Our point is this: The congregation as a whole was tolerant of diverse views no matter what those views were. If the congregation had criticized the woman who wanted to quarantine gays, then she would have dug in, cast her ideas in concrete, probably left that UU church. Since she stayed, her views had a chance gradually to change.
You cannot change people's fast-held opinions overnight, nor can you torture them out of them. Always remember that the Buddha said, Hate generates hate.
We think this is a lesson that all we Wiccans can gain from. Blasting someone for his/her opinion does not work. You can defend your beliefs on a topic; in fact you should, especially if that means you have to think them through. Not, though, by attacking someone else for theirs; we see that too often in the pagan/Wiccan community.

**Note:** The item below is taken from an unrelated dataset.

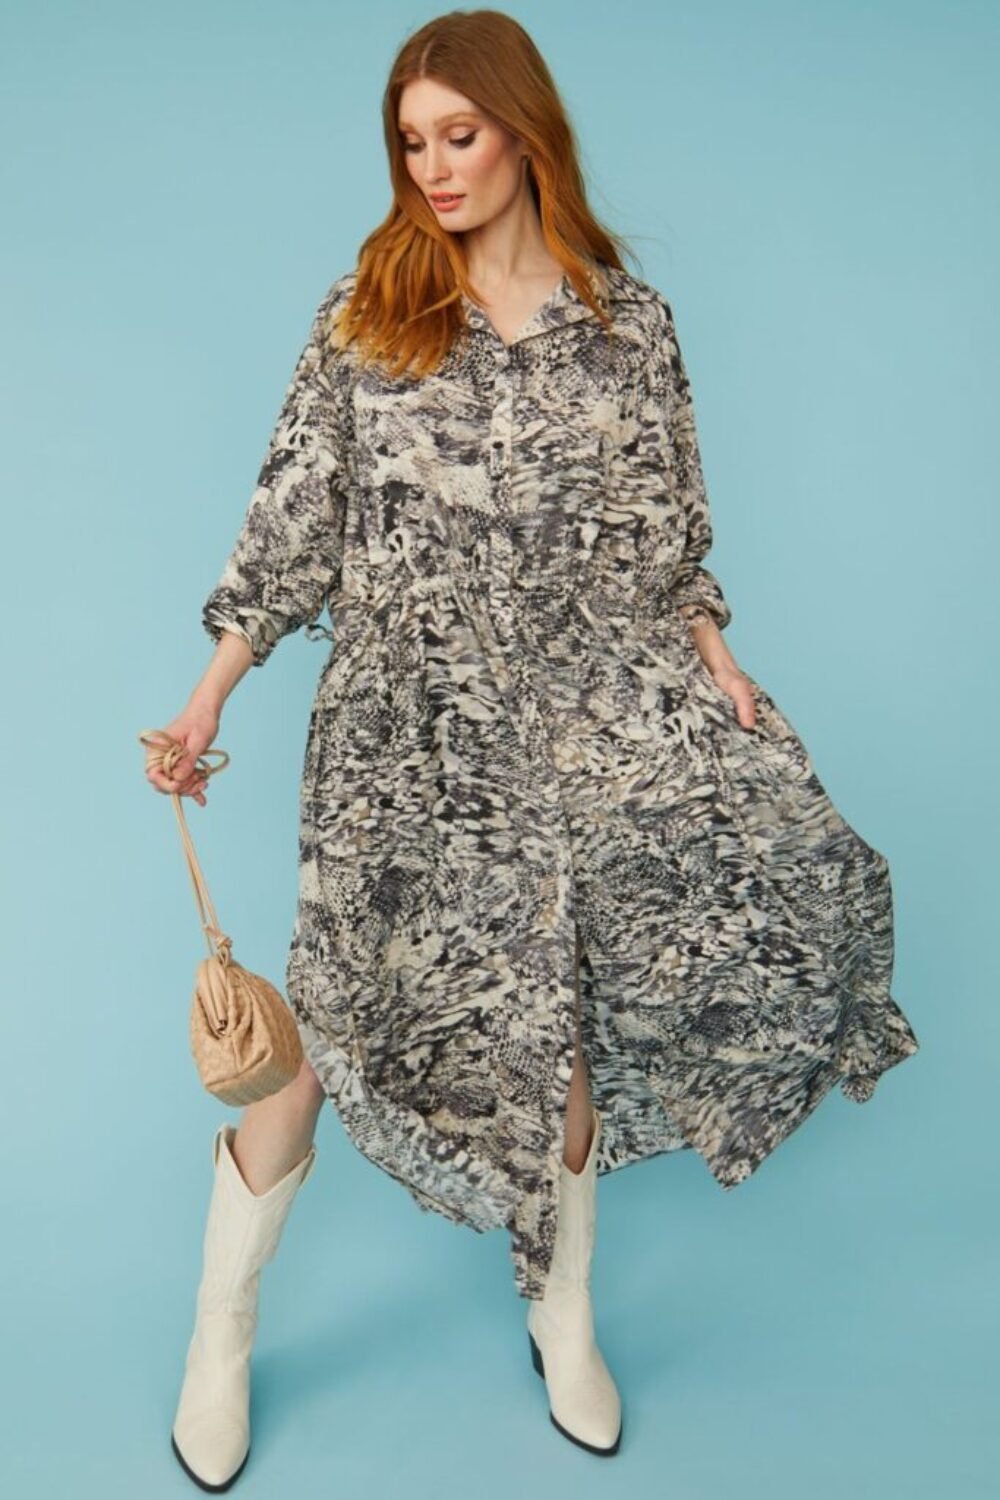 Shop Lux Maxi Grey Silk Blend Snake print Dress and women's luxury and designer clothes at www.lux-apparel.co.uk

We ourselves were partially doing it with BDD. Everyone is entitled to their opinion--yes, even the Christians--but to be a community, we must think of life and the lessons it brings in terms of "we" the community, not "Mine is the one and only right and true way." The Christians say, "Love your enemy." We like better the idea, "Tolerate your enemies and their views."

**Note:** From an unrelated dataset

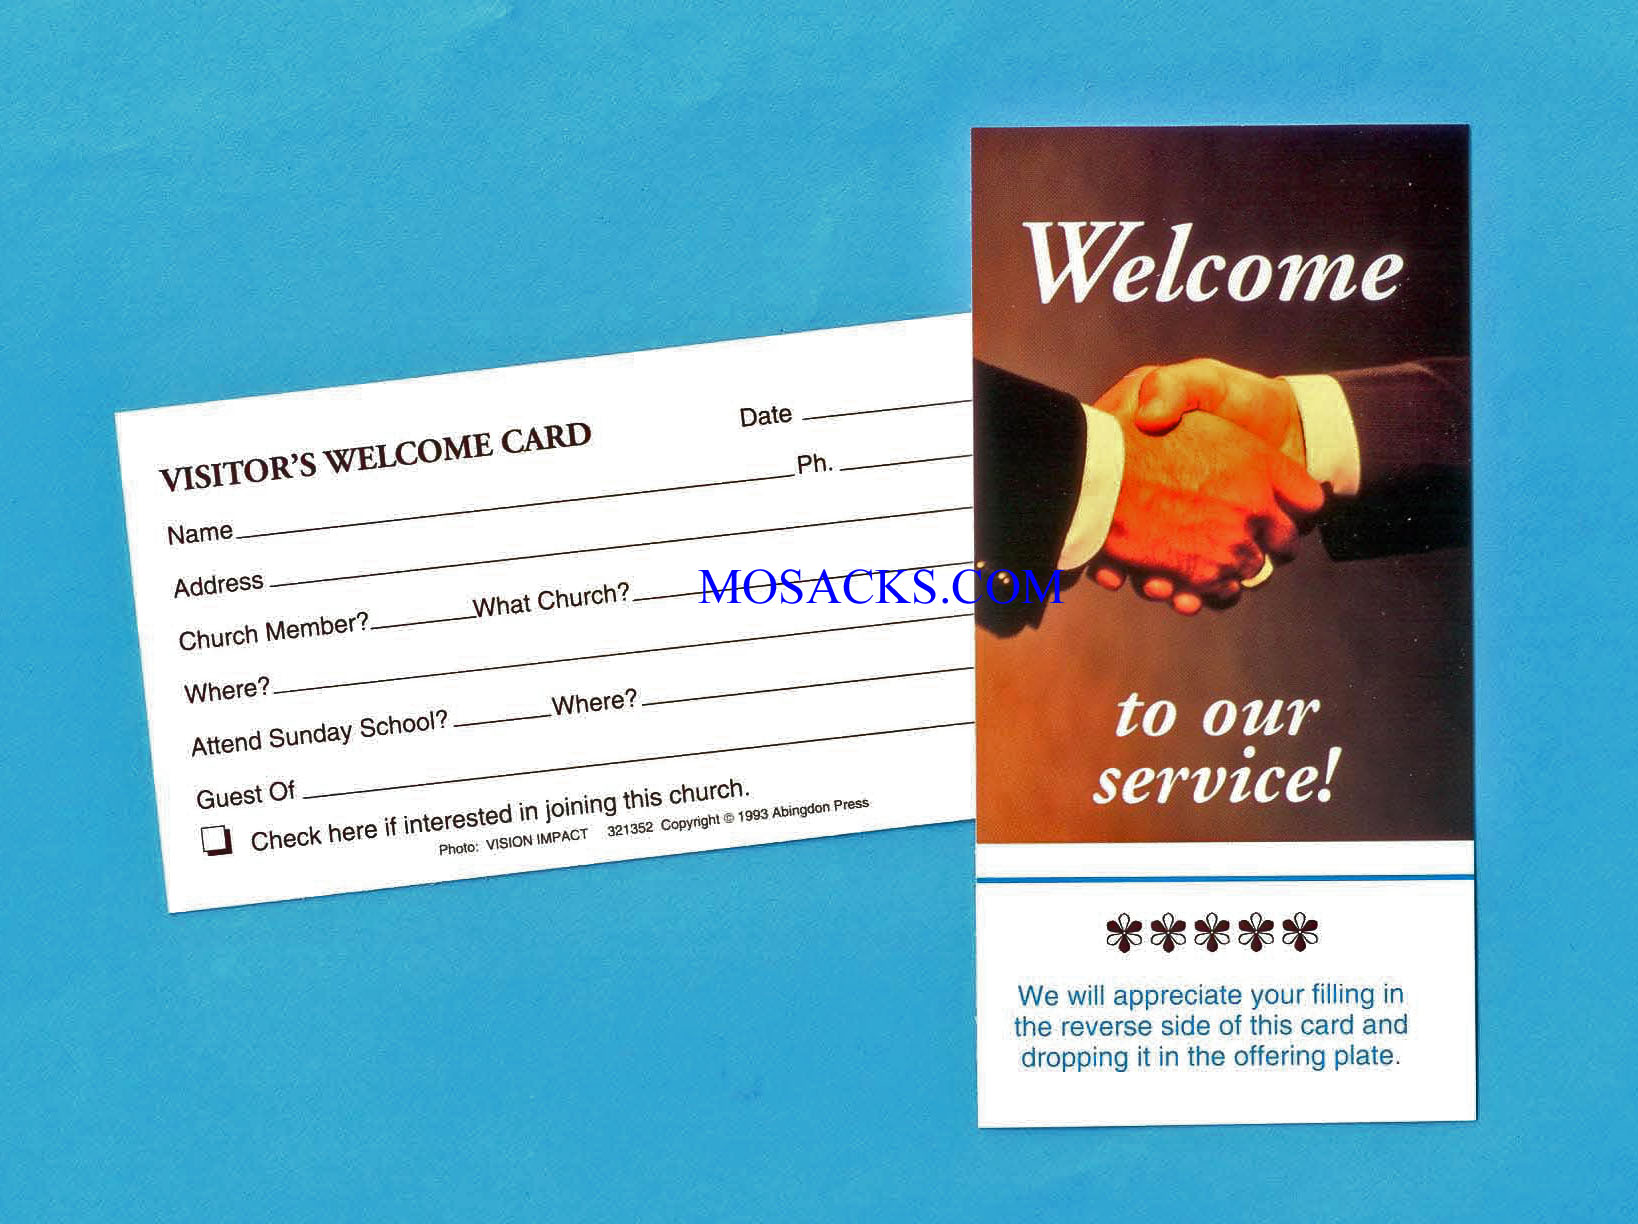 Welcome To Our Service Card 3" x 5", 25 Count

In the future is it to be I, or thou, or you, or we, or us -- ?
Blessed be. Gavin and Yvonne

Friday, January 4, 2008

Tradition versus Reality

Last Sunday we gave a presentation at the local fellowship of the Unitarian-Universalist Association. The congregation there, small but select, is accustomed to honoring the directions at the beginning of each Sunday service. They do it in the traditional way, with Air in the east, Earth in the north, and the rest of it; so we decided to try on them a new way of honoring. We had attendees do the calling, taking turns around the circle (deosil, of course). Instead of the whole congregation singly doing it, we had three in turn, around the circle, honor each direction. Just to give them some ideas to push against, we passed out copies of a crib sheet like the one at the bottom of this posting.

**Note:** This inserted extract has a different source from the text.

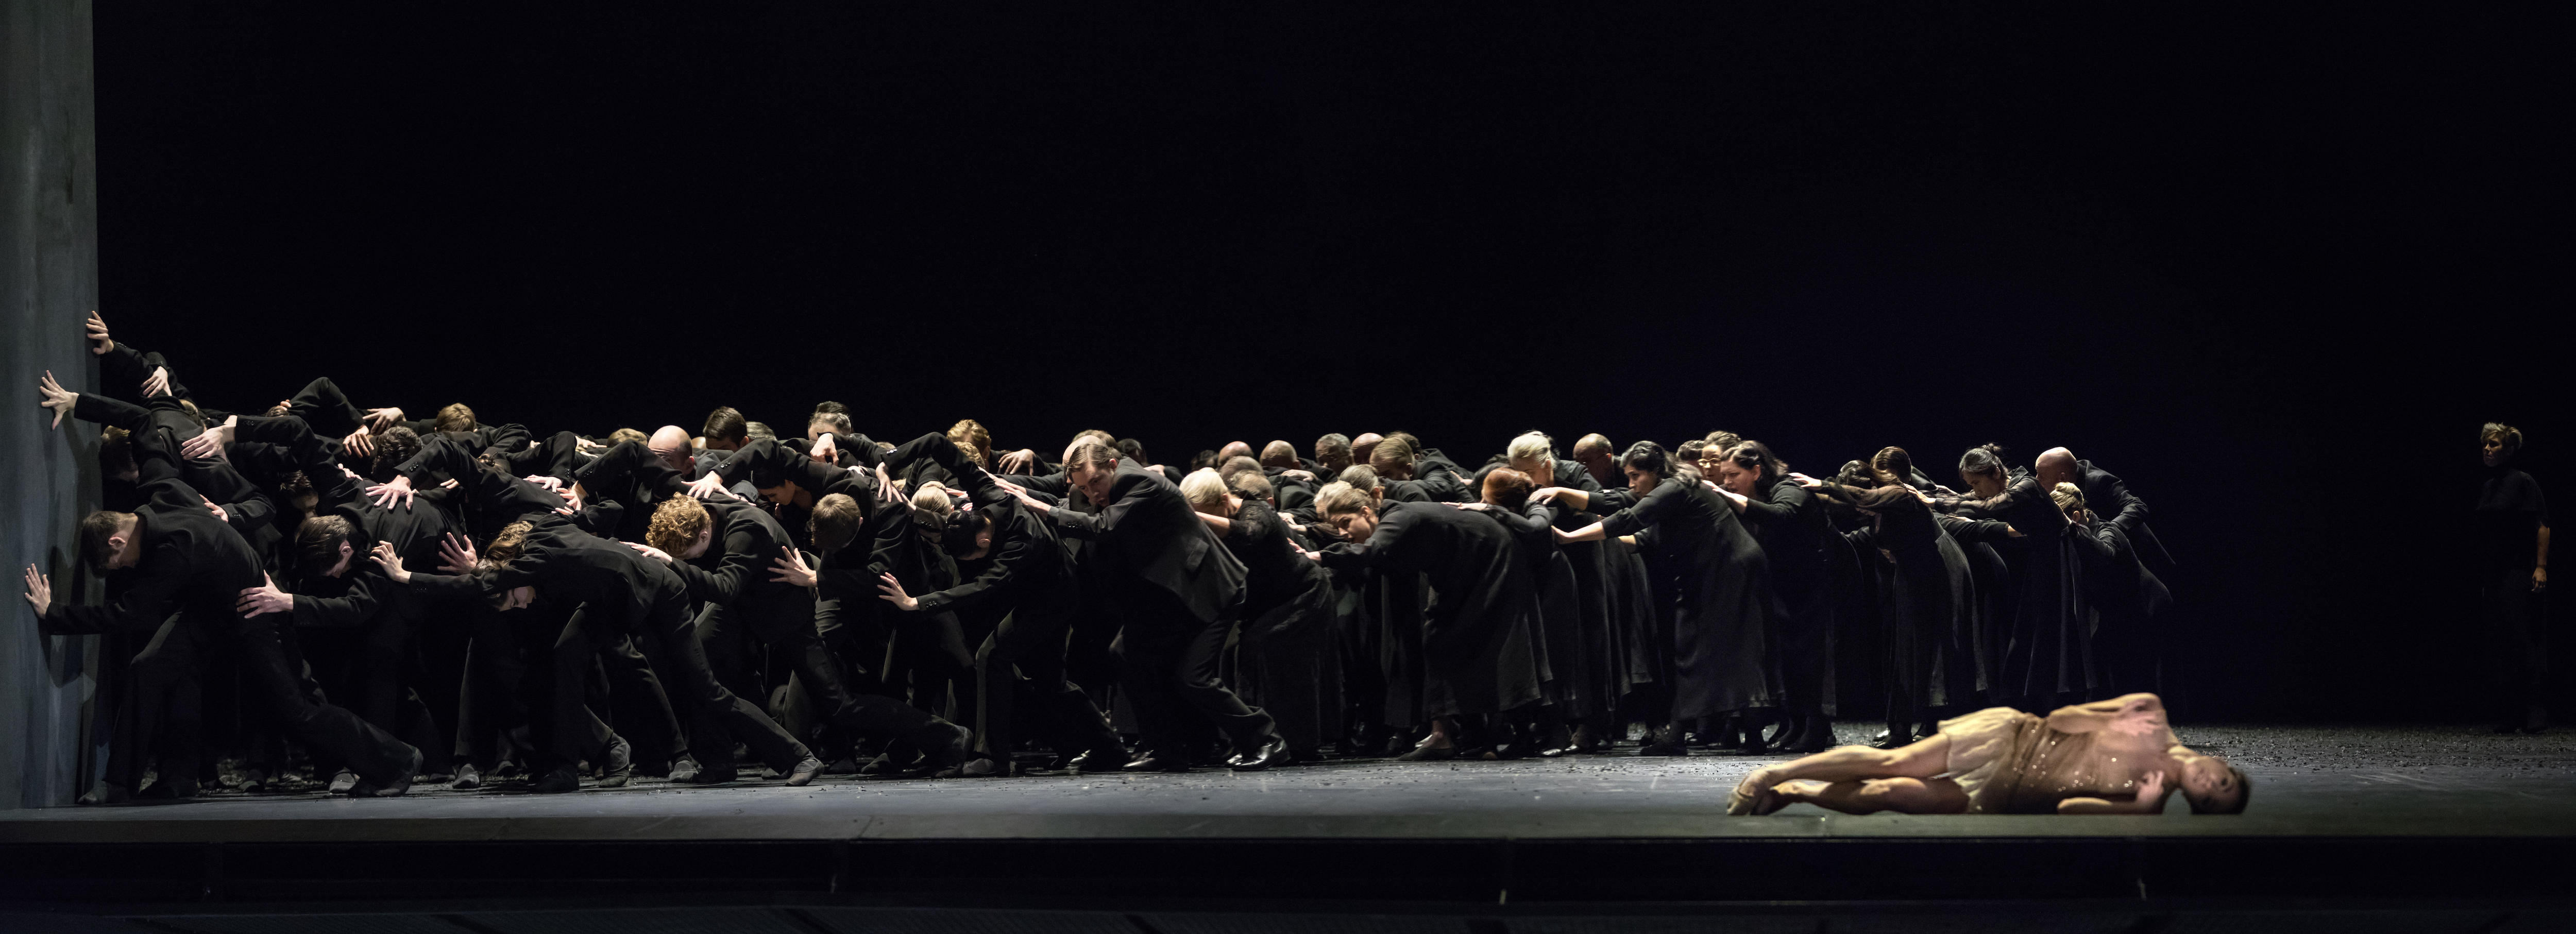 About 50 dancers in black form a chain pushing a wall on a stage with a single dancer in a beige costume lying in front of them

We started with Mother Earth, below; after all, we do stand on the earth. Then we put Water in the east because the largest body of water near Beckley (where we met) is the New River, flowing east of the meeting site. We put Fire in the south because we were in the northern hemisphere. Air went in the west because here in the States that's where our air mostly flows from. (At least that's what the weather channel leads us to believe.) In the north we put Old Age and Ancestors. Overhead we put Father Sky and the Universe. In the center we put Spirit, for seven directions in all.
Two interesting things came out of this.
1. The various directions elicited a stunning range of responses and personal associations. After a hesitant beginning with earth, attendees came up with fascinating and moving thoughts about each direction.
2. The people really liked the approach. Every adult present, without exception, had something personal to say about various directions. Indeed, they asked afterward that we do it again, and even perhaps write it up for the UU national bulletin. We came to realize how involved they had become in this one little part of the presentation.
The question, then, is this :
In general, in our own pagan/Wiccan circles, are we right to follow the old traditional way that was developed in Europe, much of it in times long gone? Or should we seriously think about letting attendees at circle put their own flavor into the ritual?
Give us feedback, please; many aspects of life could do with some updating and/or improvement.

Earth - our mother -- the solid ground from which we all come
east - water, adaptability; takes on the shape of its container
south - fire, passion, not indifference
west - air, mental -- here new ideas come in on the wind
north - remembrance -- good times and old people who have gone before
Sky - our father -- the sky over us all
spirit - spiritual aspect of relationships; without a spiritual match, all is lost.